Perry stood there for a moment wondering at the events of the last few moments. He was used to Doofenshmirtz's devices and schemes being thwarted in dramatic fashion and leaping away to safety in the nick of time. This was a bit of a let down, to be honest.
With a shrug he hopped off the edge of the building, his hang glider snapping open and carrying him away, across the city. There was always next mission.
~ Aaa-Gent-Peeeee! ~
Meanwhile Phineas, Ferb, Buford and Isabella were all sitting around the table in the kitchen whilst Mrs Flynn-Fletcher served pie and milk to them all and Candace sulked in her room at being thwarted once more. "I had fun today." said Phineas, "I was a little concerned about you for a moment Buford. You seemed to be enjoying yourself a little too much!"
"What can I say?" the bully muttered around a mouthful of pie. "I like Halloween and I'm looking forward to this one even more!" Everyone agreed with that feeling though, as Isabella pointed out, there was still a lot of summer left to enjoy.

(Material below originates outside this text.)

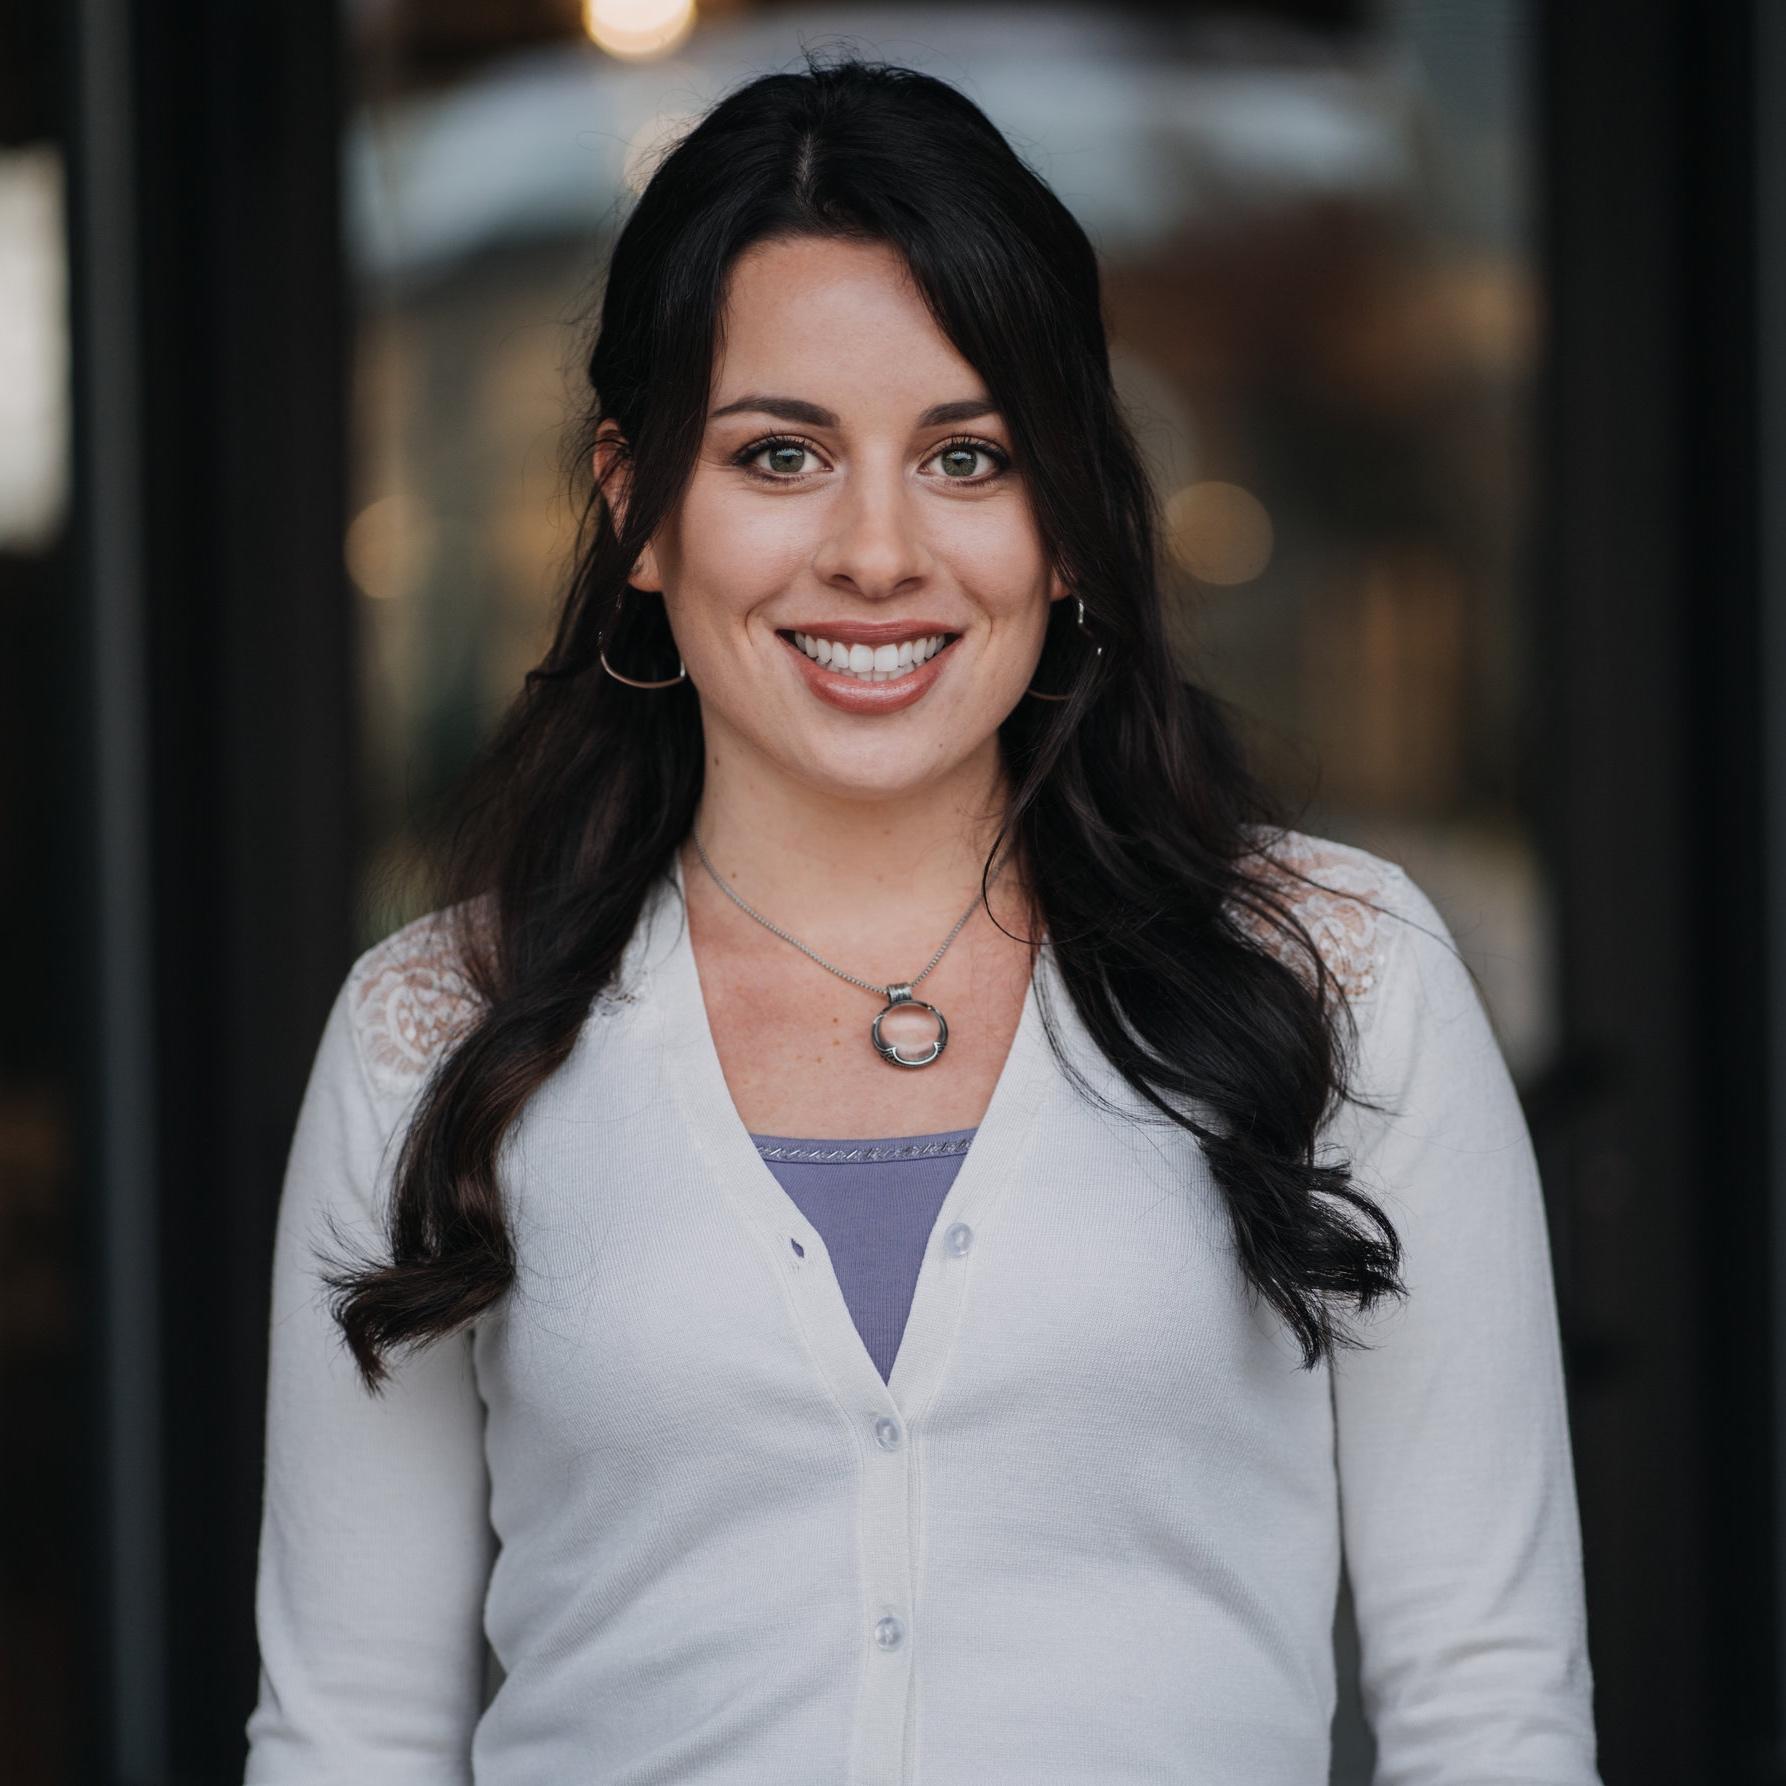 Grace D. - assistant designer / sales advisor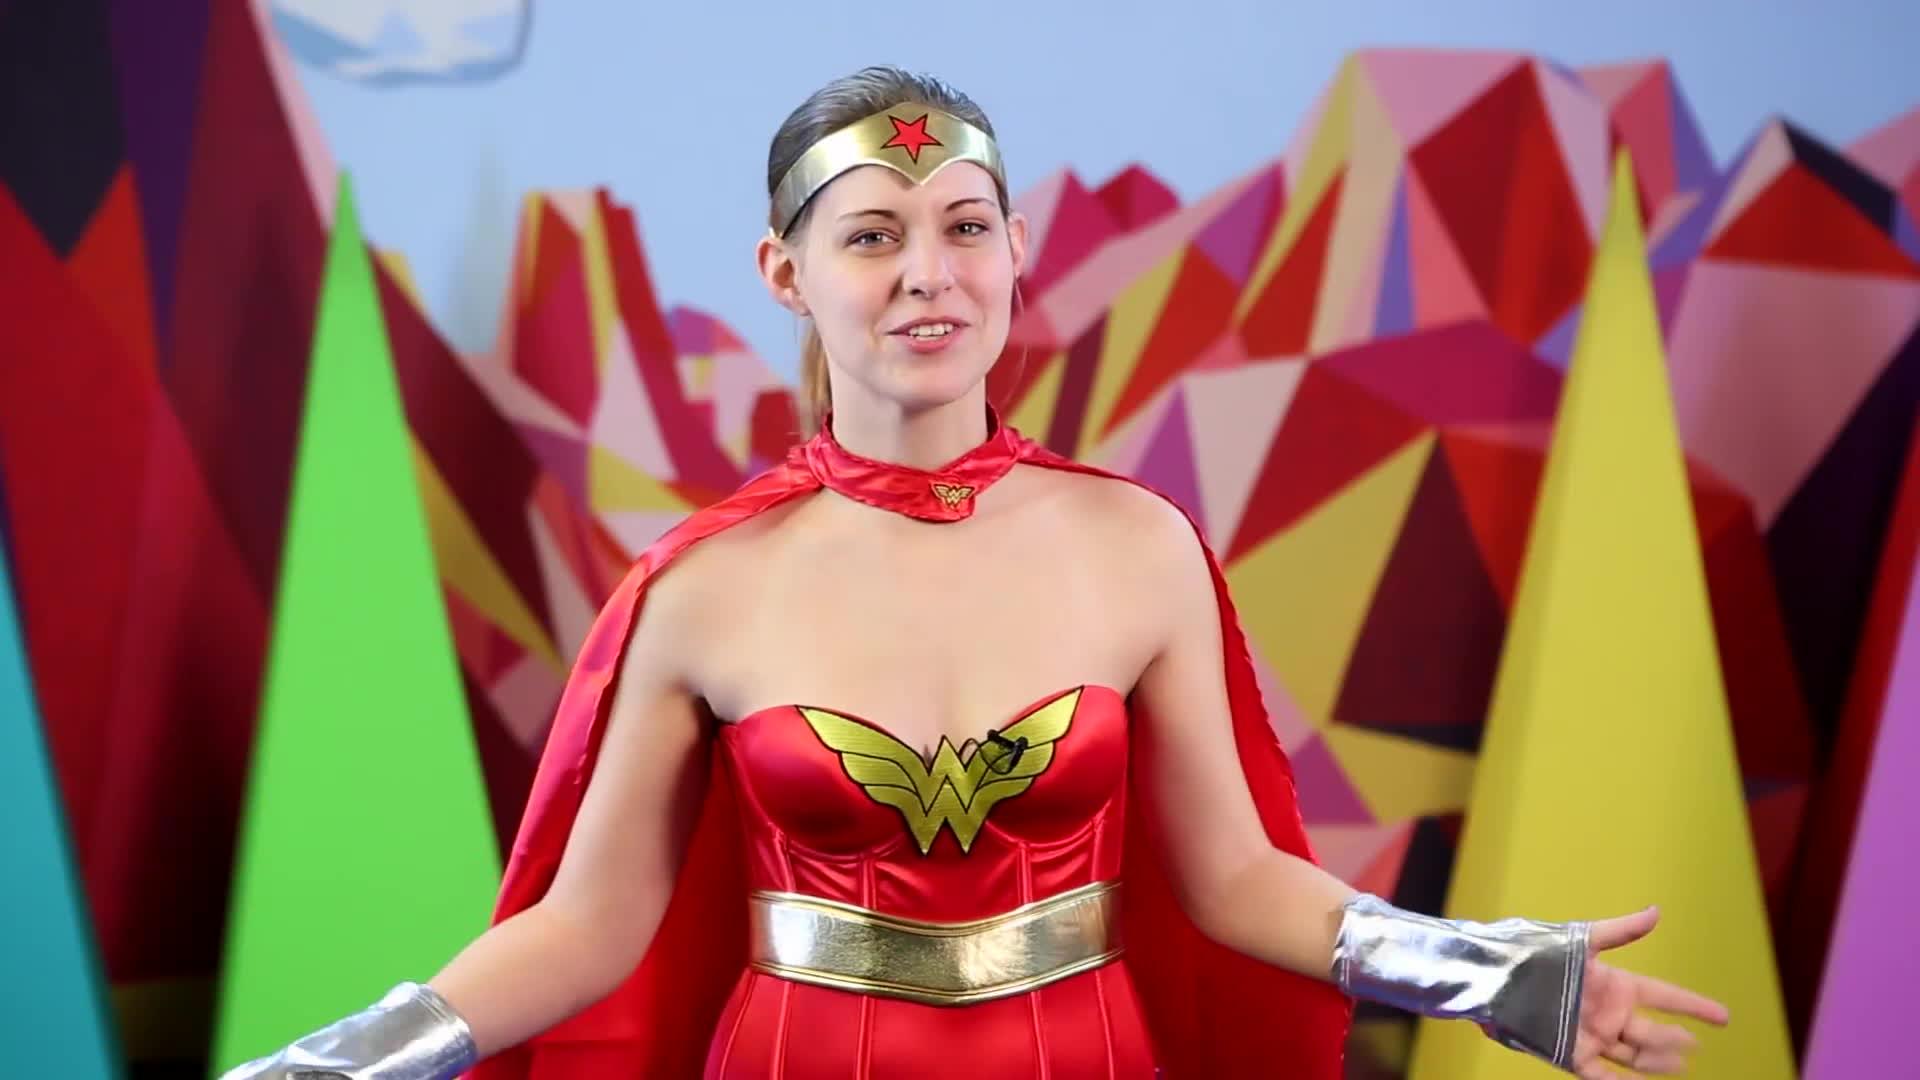 presshearttocontinue dodger, Dodger Wonder Woman GIFs

There was a strange rattling growl from behind Ferb's chair. Phineas glanced down and said, "Oh, there you are Perry!" as the platypus wandered in, settled down under the table and seemed to fall asleep instantly. Phineas glanced around at his friends and said, "Who'd have thought that toilet paper could be so much fun?"
Ferb put down his glass of milk, wiped away the white moustache and in his British accent, strange to hear after his brother's American drawl, said "The first documented use of toilet paper in human history dates back to the 6th century BC, in early medieval China."